# [Given data]
※
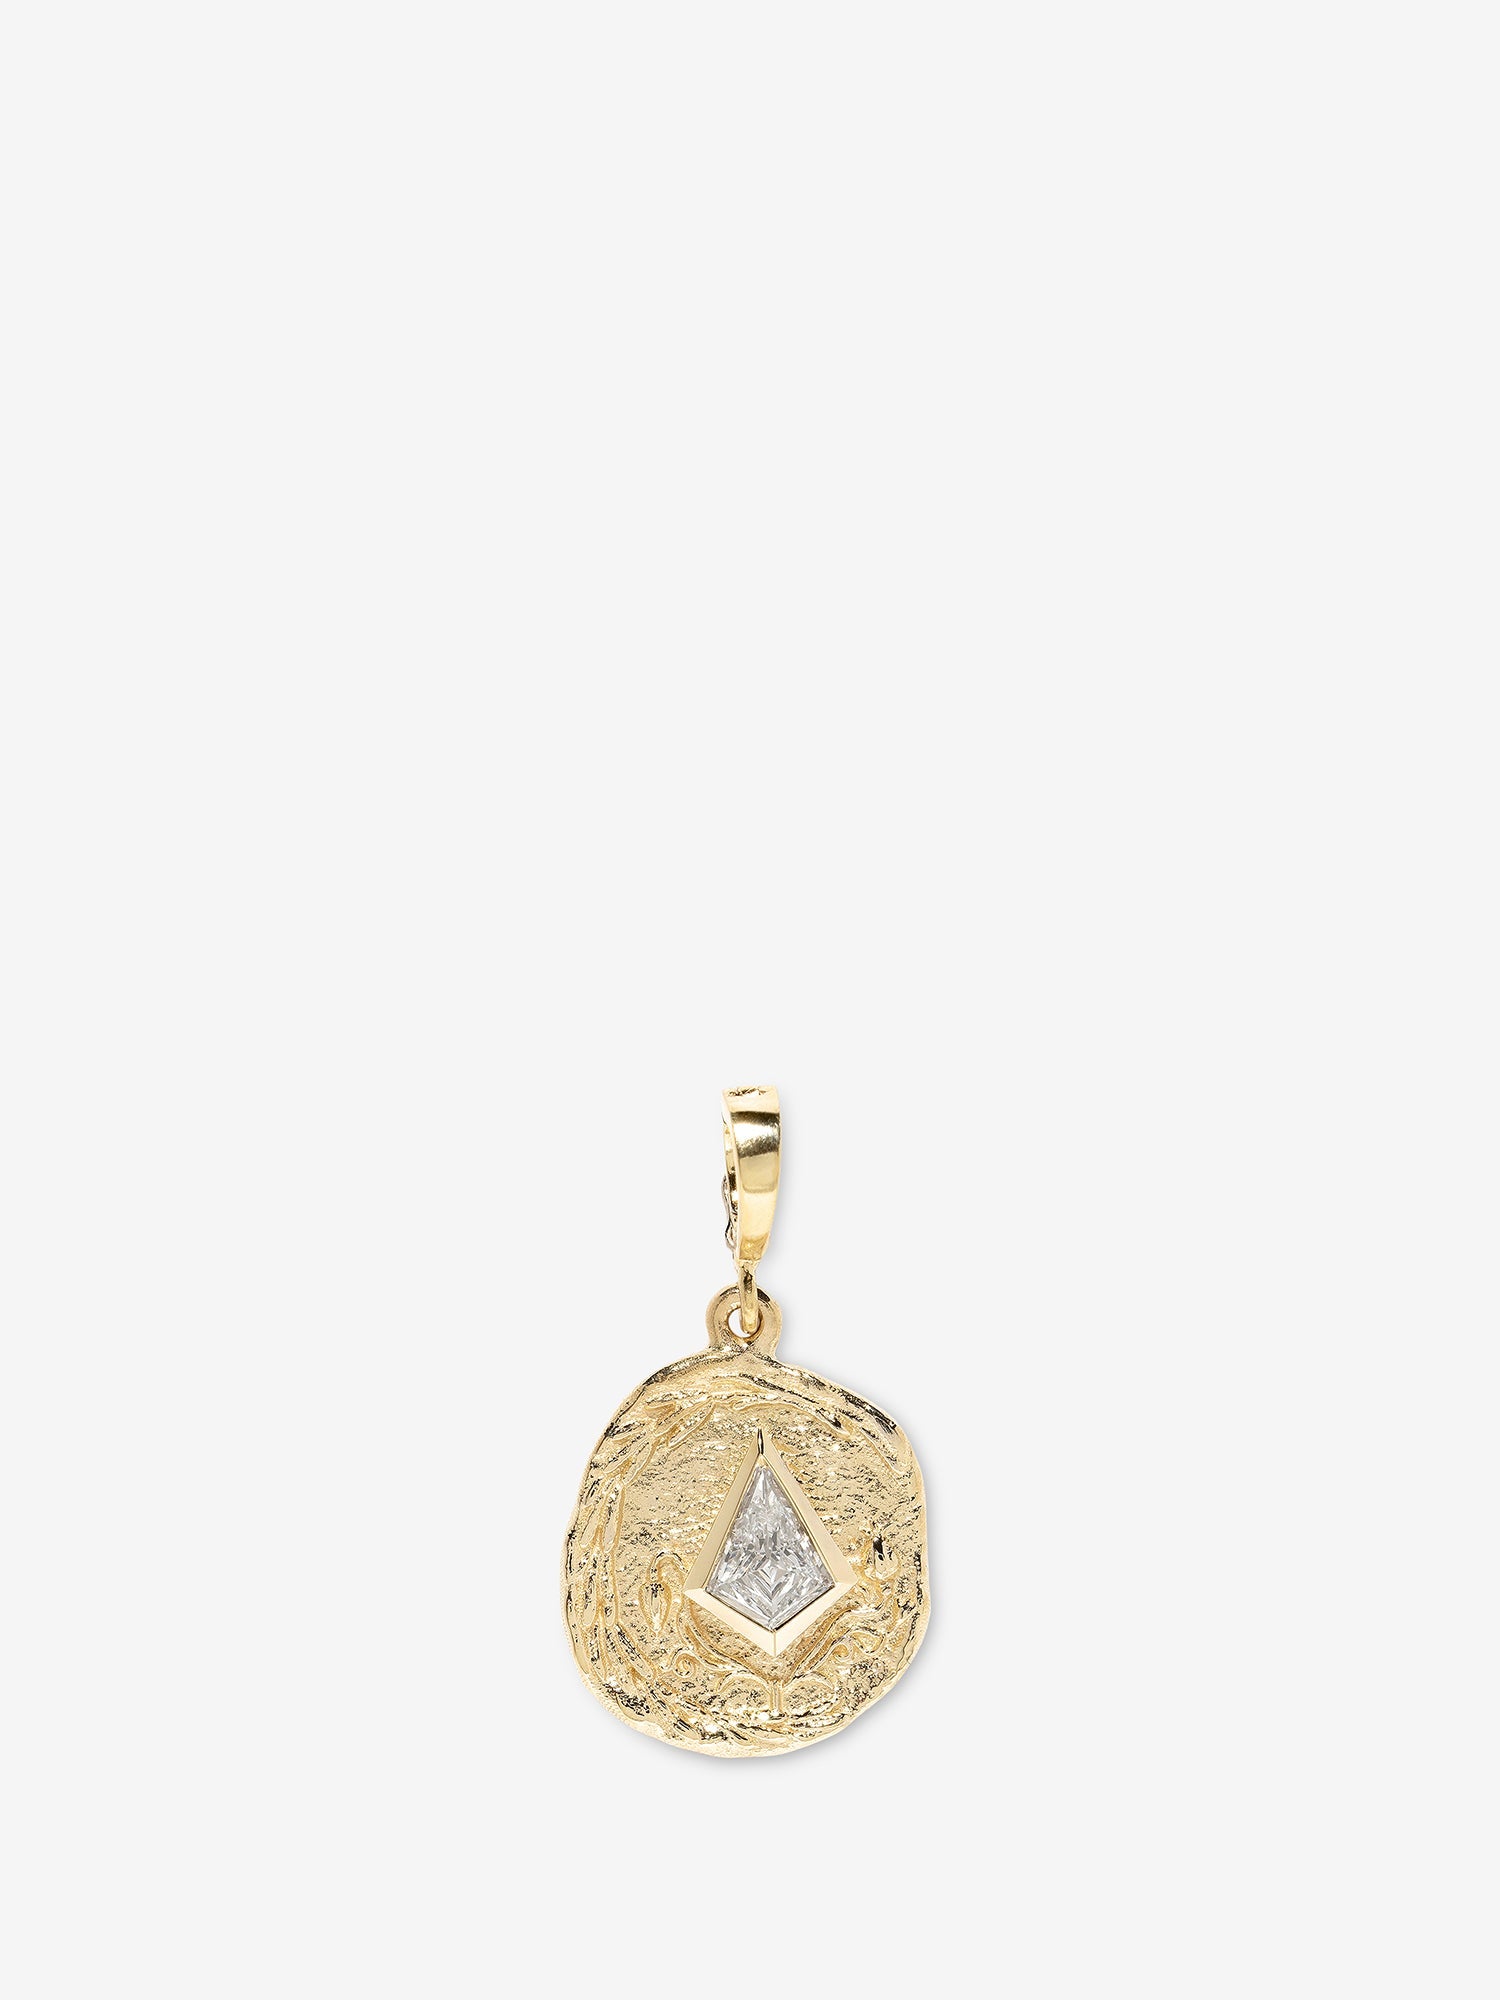 Olive Branch and Rose Bud Kite Diamond Coin Charm
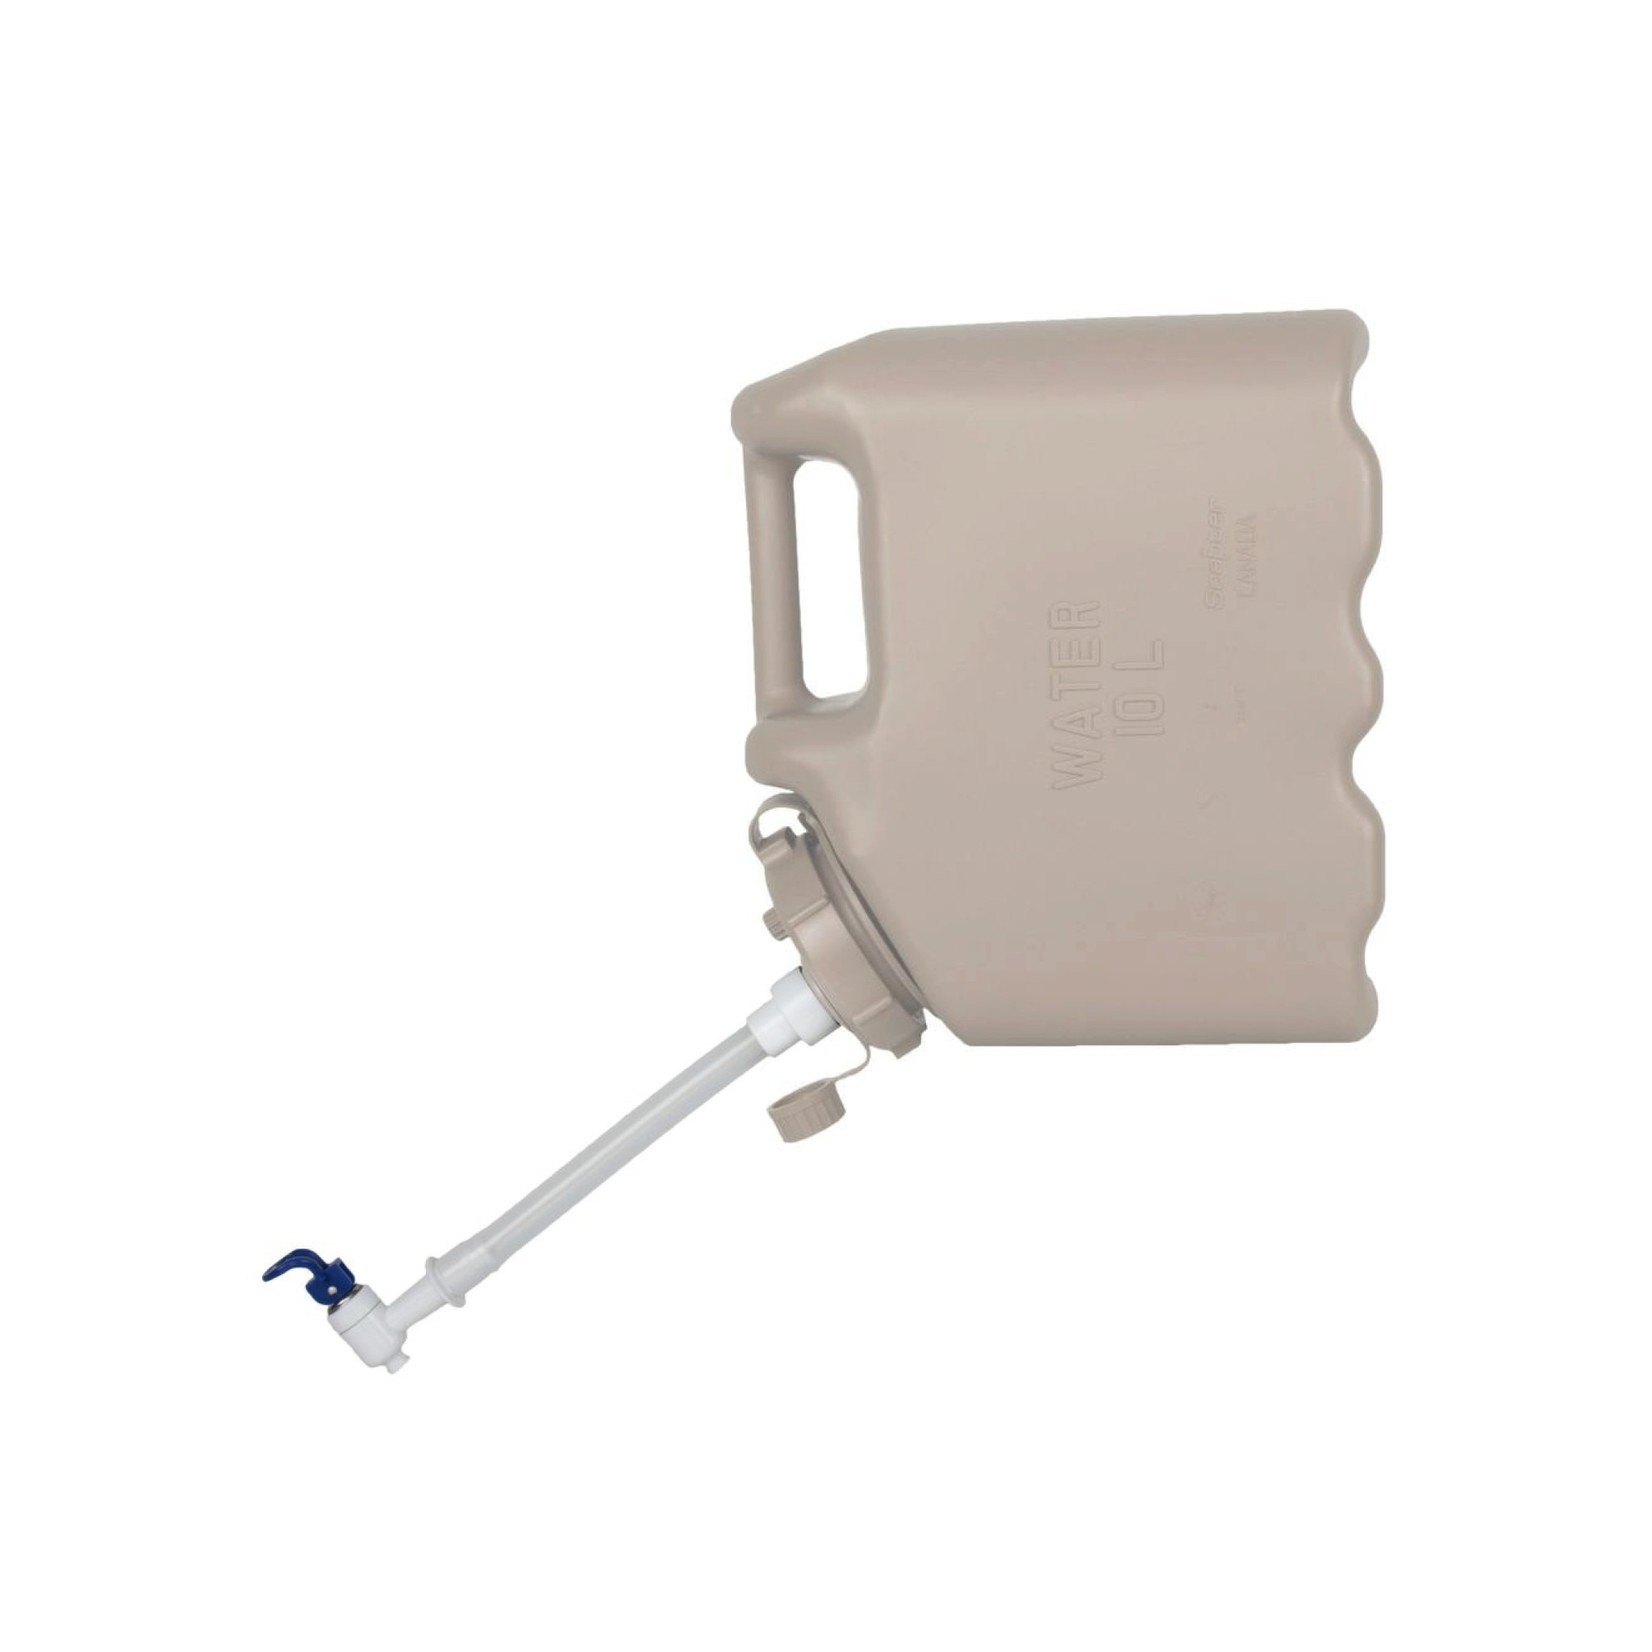 Scepter Water Can Dispensing Nozzle for 5 gallon or 2 1/2 gallon Containers 
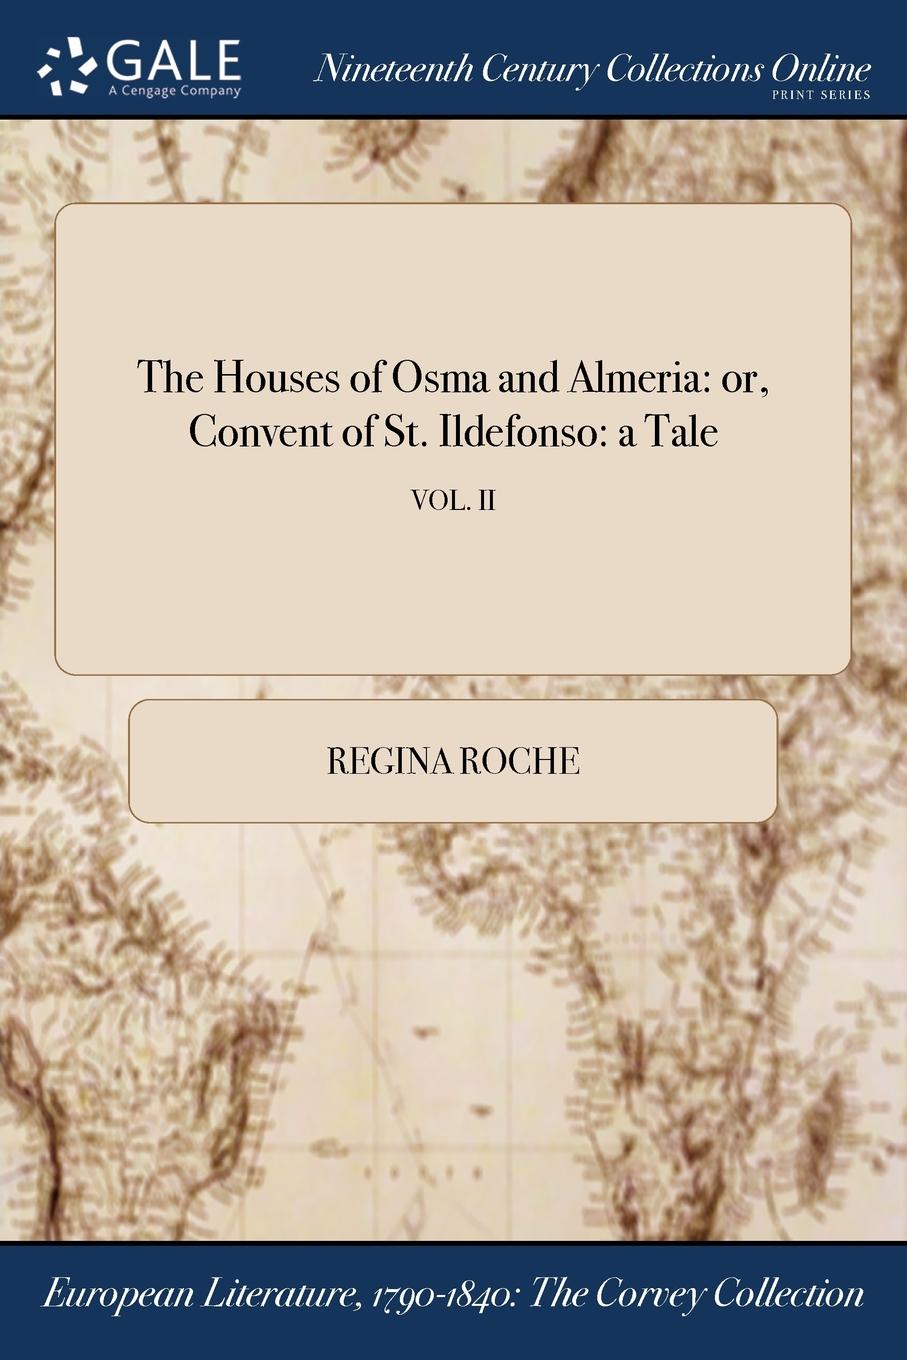 The Houses of Osma and Almeria. or, Convent of St. Ildefonso: a Tale; VOL. II
※
# [Task prompt]
All of the material should be reproduced exactly, apart from the pictures.

# [Your solution]
 Olive Branch and Rose Bud Kite Diamond Coin Charm
 Scepter Water Can Dispensing Nozzle for 5 gallon or 2 1/2 gallon Containers 
 The Houses of Osma and Almeria. or, Convent of St. Ildefonso: a Tale; VOL. II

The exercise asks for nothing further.